Why our gut and drains are the same?

If you do it for your gut, why wouldn’t you consider the same approach for your plumbing?

I was listening to a radio interview the other day with Dr Michael Mosley, author of The Clever Guts Diet, who asserted that a healthy gut biome benefits your entire wellbeing.

This immediately resonated with me, not just on a health front, but also on the condition of plumbing and associated cleaning problems.

Dr Mosley argued that we eat fermented foods like yogurt because it is full of living bacteria which is beneficial for our gut. He asked the program’s listeners to imagine our gut being like a rainforest, with thousands of living species contributing to its health. Well, our gut is the same with literally billions of microbes living in this biome, which we either kill by our current lifestyle, or nurture with a clever diet. We are literally half bacteria – half human.

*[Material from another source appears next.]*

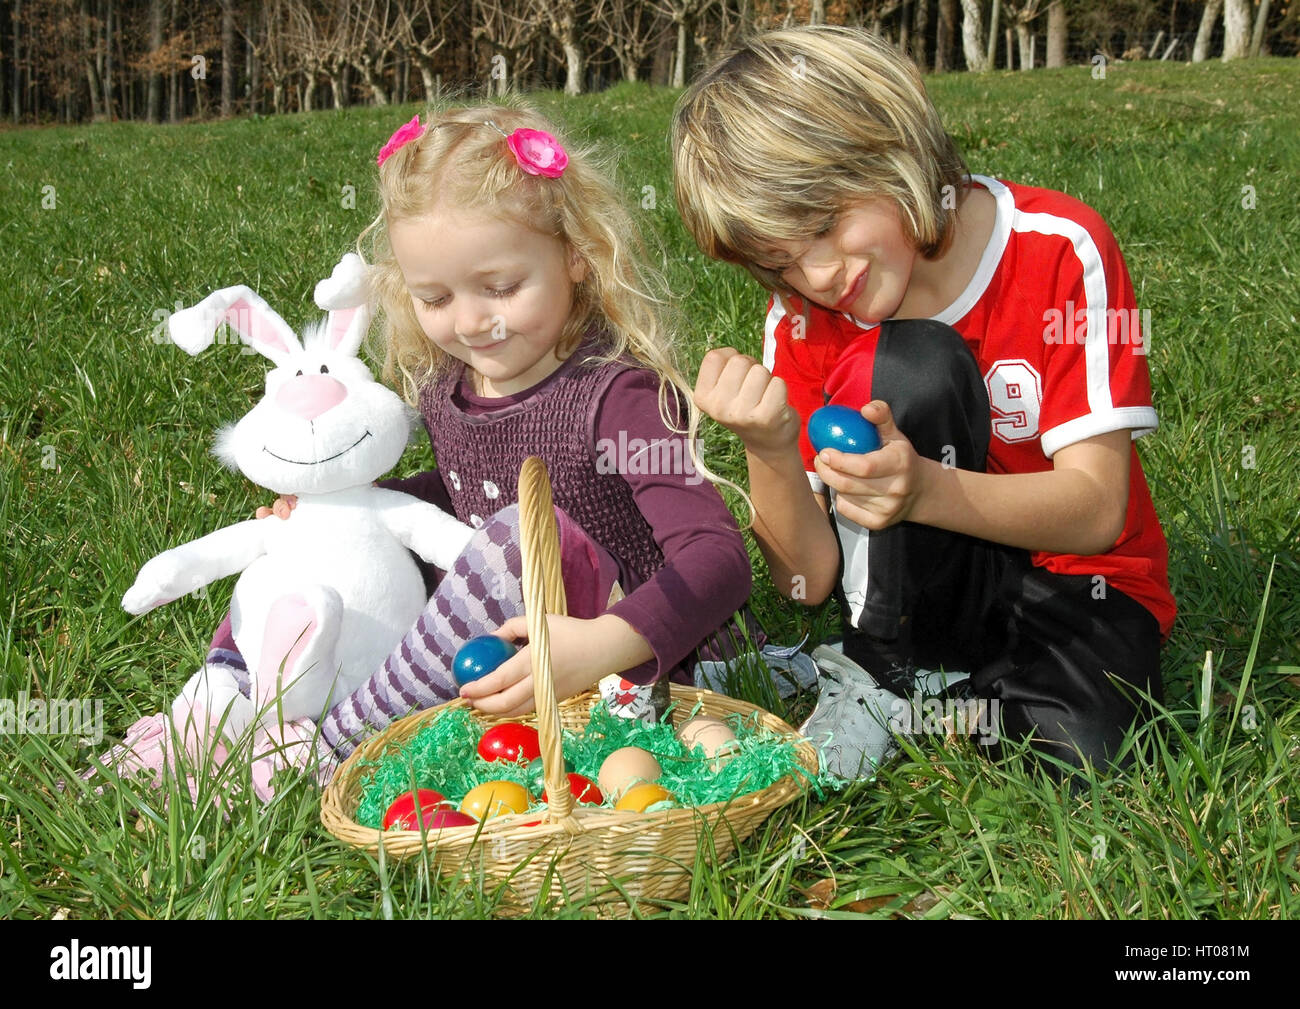 Zwei Kinder mit Osternest in der Wiese - children with Easter nest in meadow Stock Photo
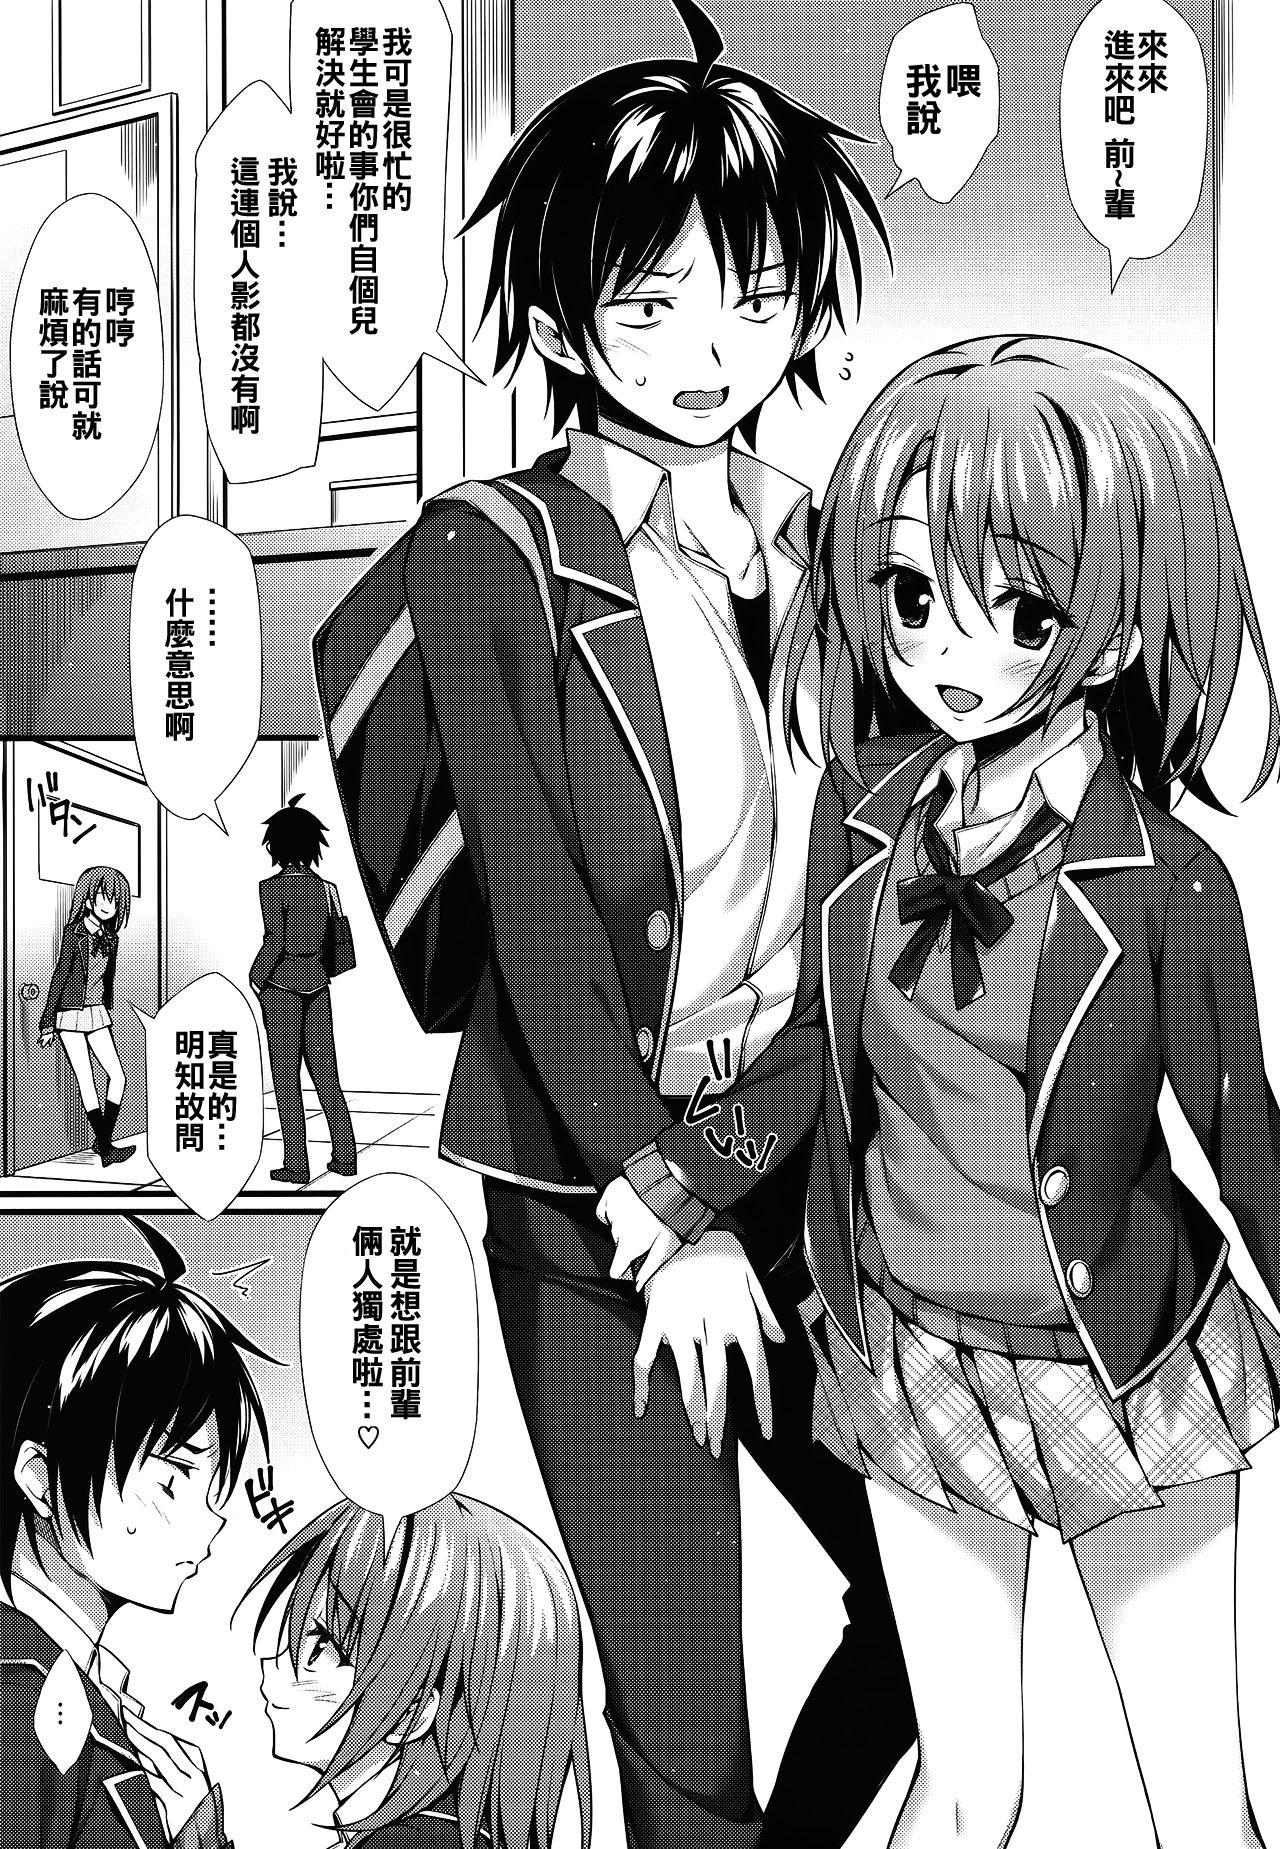 Hunks Atashi no Daisuki na Senpai♥ - Yahari ore no seishun love come wa machigatteiru Adolescente - Page 4

Drains and plumbing are no different. These environments too rely on ‘good’ bacteria to help break down organic waste, and help wash it away thus preventing blockages.

He went on to explain that antibiotics and excess sugar consumption kills beneficial gut microbes. What goes in our mouth affects our gut health which in turn affects our brain, stress, sleep, immune system, whether we get allergies, eczema, hay fever, and food intolerances.

Similarly, we must consider the cost of treating odours, blockages, and the build-up of uric salts and other deposits, with expensive, harmful, and ineffective chemicals and perfumes.

The science of our gut concentrates on how to improve it; to change your biome health for the better. And unfortunately there is a lot of pseudo-science out there that promotes pro-biotics as a sort of medicine that treats everything. This is simply not true. You cannot rescue your gut health by simply parachuting in 6-billion units of microbes. Some pro-biotics are useless, simply not delivering what has been promised.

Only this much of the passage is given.